Yes, these are learned responses, but people aren’t learning. They still use them frequently and even if,
as I wrote about on another
article the conversation (in particular race) doesn’t go
anywhere. And yes, a lot of times the
resistance to really understanding white supremacy or white privilege comes
from white people, even some that haven’t experienced marginalization or
oppression, yet that is exactly what they feel.
They can still be impacted by
how we talk about this even if they are not who we are talking about. So, how do we move forward?
My
argument is that we have the tool, and we need to use it to police our own
discourse. Yes, when we label someone as
“racist” we are, quite often, not trying to suggest it is a permanent condition
but a learned response and that their words and/or actions need to change
because it is doing people harm. But the
throwing the label at them is not having its intended impact. Our intent is to get people to be better, to
look at their words and their actions and understand how that effects people
around them. You only need to look at Evergreen
College to know that hurling the label didn’t make the situation
better. Instead we get push back that
drives them (primarily white people) further away because they don’t have the
nuanced understanding that we do. The impact does not match our intent.

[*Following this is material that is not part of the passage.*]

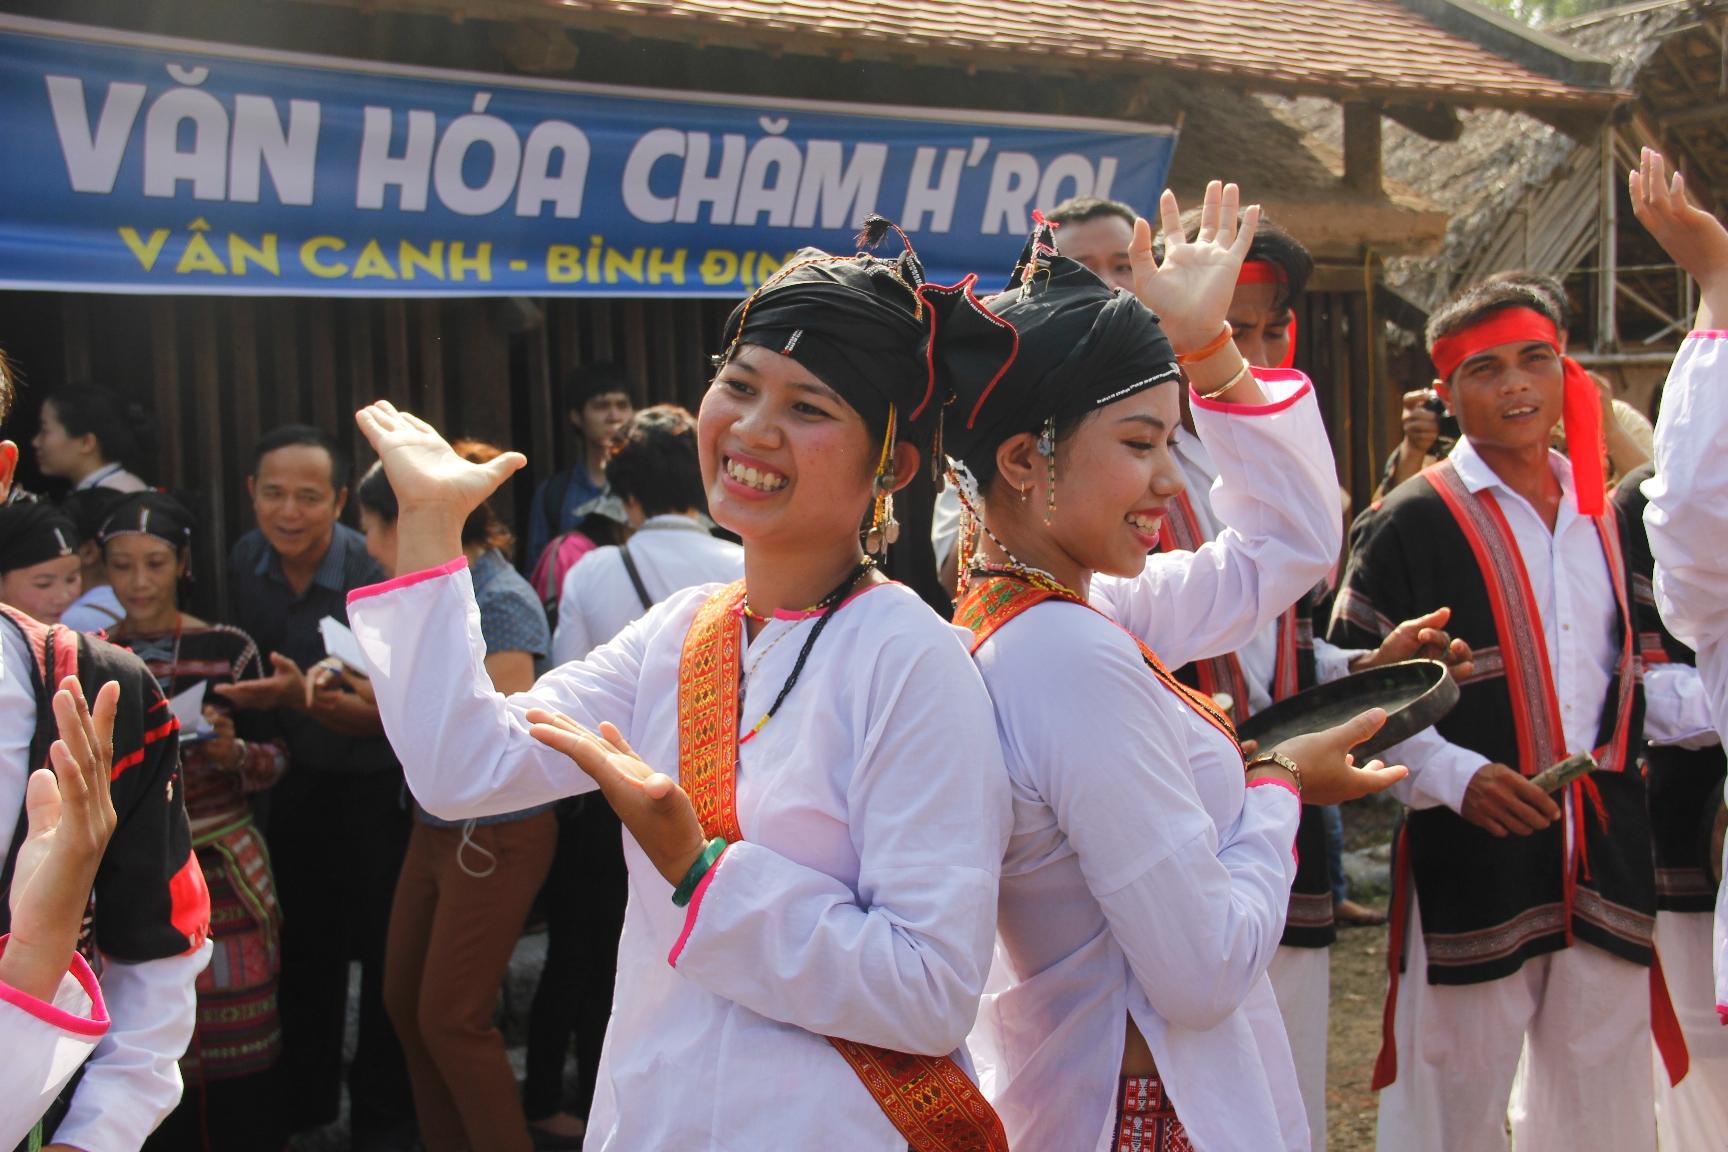 Điệu múa xoang của các cô gái Chăm H'roi

And we need to address that.
Calling
someone a racist
isn’t helping. When our friends remark
that they “don’t see color” pointing that that is an
impossibility doesn’t help unless we factor in the impact of doing just that. We’ve all been calling each other out in the
simplest shorthand, and it is leading to less honest discussion or no
discussion at all instead of more. We
need to have more conversations, more nuanced, honest, and fearless
conversations and unless we don ‘t look at our own intent by blasting people on social media with a shorthand that
they may not understand, the impact
is going to leave us with even less room to talk not more.